When a sample is imaged in an optical microscope, differences in intensity and/or color create image contrast, allowing individual features and details of the sample to become visible. Contrast is defined as the difference in light intensity between an image and the adjacent background relative to the overall background intensity. Generally speaking, the human eye requires a minimum contrast value of 0.02 (2%) to distinguish the difference between an image and its background. For other detectors, such as film, video cameras, or photodetectors (CCD and CMOS devices), the minimum contrast ratio is usually a different value. For each detector, the signal-to-noise ratio (noise is all the light in the optical system that has no image information) must be large enough to be able to be interpreted in terms of the formation of coherent images.
Contrast generated in a sample through light absorption, brightness, reflectance, birefringence, light scattering, diffraction, fluorescence or color changes has been a classic method for imaging samples in brightfield microscopy. The ability of a detail to stand out against the background or other adjacent details is a measure of sample contrast.
Cell staining improves contrast and allows for bright field viewing of bacteria. In addition to staining, other methods include phase contrast, differential interference contrast, darkfield, and fluorescent staining.
Tint: Enhance contrast in bright fields
Cells are stained to make them easier to see under bright-field microscopy, with each type of dye having an affinity for specific cells. Many dyes used in microbiology are positively charged and are called basic dyes, such as methylene blue, crystal violet, and safranin. Basic dyes can bind tightly to negatively charged cellular components (nucleic acids and acidic polysaccharides) and can also bind to cell surfaces, which are negatively charged. Therefore, most bacterial cells can be stained nonspecifically.
A simple staining process involves drying the cell suspension on a clean slide, soaking it in a dilute solution of basic dye for 1 to 2 minutes, rinsing it several times in water, then blotting it dry, and observing it with an oil lens.
Differential staining: Gram stain
Making different types of cells show different colors is called differential staining. An important differential staining in microbiology is Gram staining. Based on their reaction in Gram stain, bacteria can be divided into two types: Gram-negative bacteria and Gram-positive bacteria. Gram-positive bacteria are purple and Gram-negative bacteria are pink. The difference in color is caused by the different cell wall structures of the bacteria.
Phase contrast and darkfield microscopy
Although staining is widely used in light microscopy, it requires killing the cells. There are two types of optical microscopes that can improve the image contrast of unstained cells (that is, living cells): phase contrast microscopy and dark field microscopy. Phase contrast microscopy, in particular, is widely used in teaching and scientific research.
The basis of phase contrast microscopy: the refractive index of cells and the surrounding environment are different (that is, the material changes the speed of light). Therefore, the light passing through the cells has a different phase than the light passing through the surrounding liquid. This subtle difference is amplified by the phase contrast objective lens, and the result is in the bright background. A dark image is formed on it.
Under a dark-field microscope, light cannot penetrate the specimen. The light shines directly from the side of the specimen. Only the light scattered when it hits the specimen can reach the lens. As a result, the specimen appears bright against a dark background. Darkfield microscopy has a higher resolution than light microscopy, and some objects can be resolved with darkfield microscopy that cannot be resolved with brightfield or even phase contrast microscopy. Darkfield microscopy is also a great way to observe microbial movement.
Fluorescence microscope
Fluorescence microscopy can observe specimens that emit fluorescence. In fluorescence microscopy, cells are illuminated with one color of light from above to produce fluorescence. Only the fluorescence is visible through the filter, so the cells can glow against a black background.

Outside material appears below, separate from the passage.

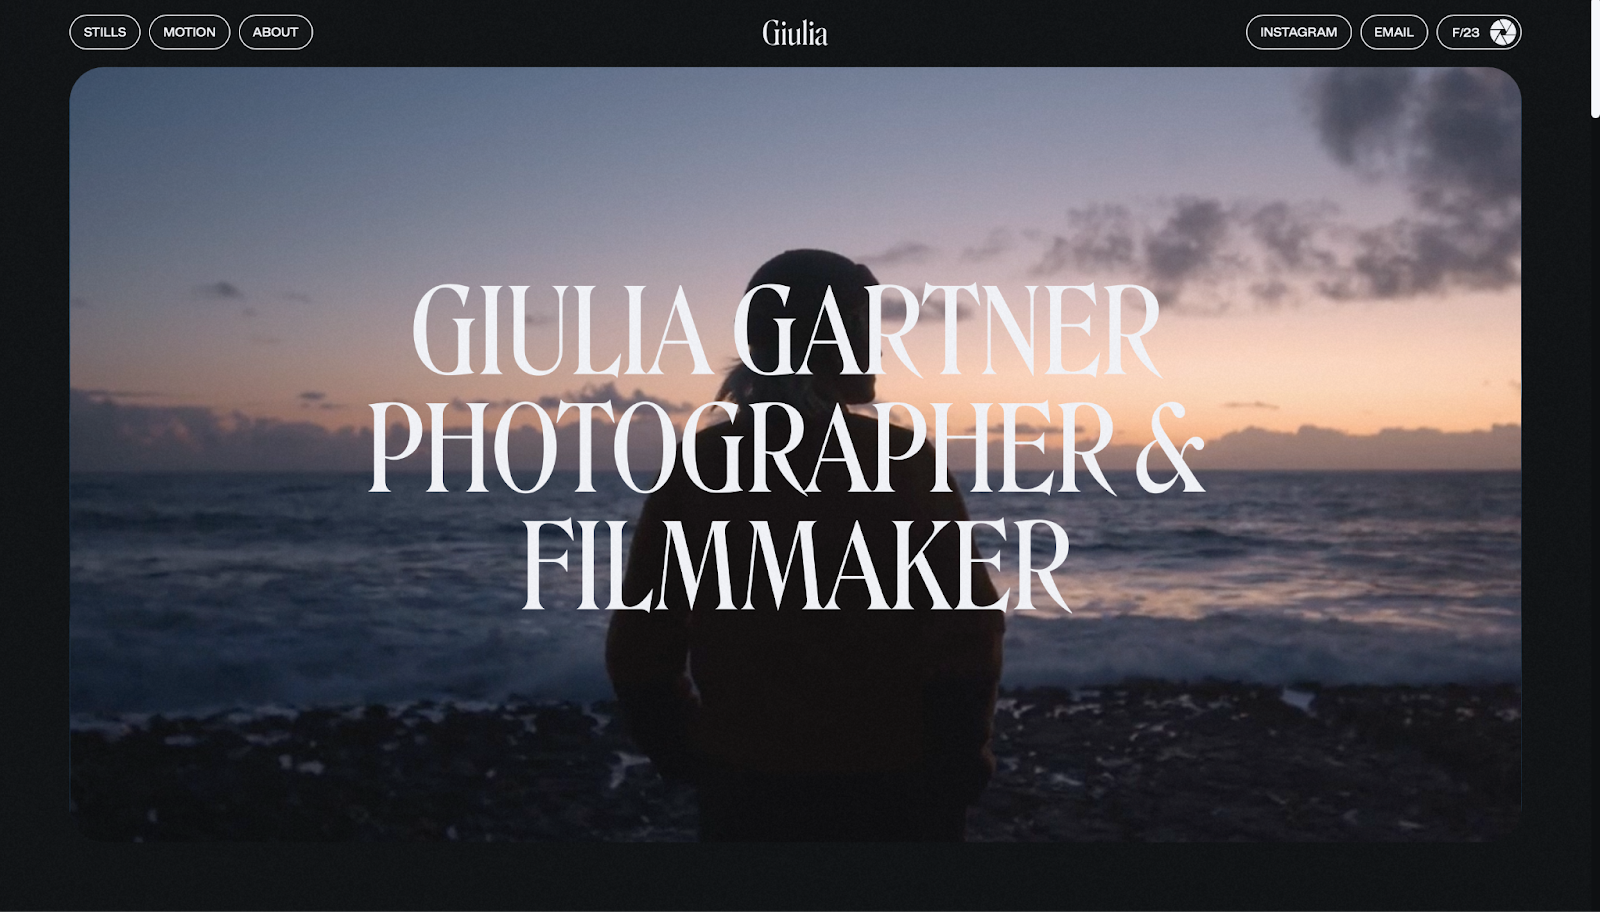 filmmaker website example, Giulia Gartner

Cells fluoresce, either because they contain naturally fluorescent substances, such as chlorophyll, or because they are stained with fluorescent dyes. DAPI (46-diamidino-2-phenylindole, 4′,6-diamidino-2-phenylindole) is a widely used fluorescent dye that stains cells bright blue because it interacts with Cellular DNA forms complexes. DAPI can be used to observe cells in natural habitats such as soil, water, food, or clinical specimens. DAPI staining and fluorescence microscopy are widely used in clinical diagnostics and microbial ecology to enable enumeration of bacteria in natural environments or cell suspensions.
The above-mentioned methods of improving the contrast of optical microscopes all observe microbial cells at a two-dimensional level.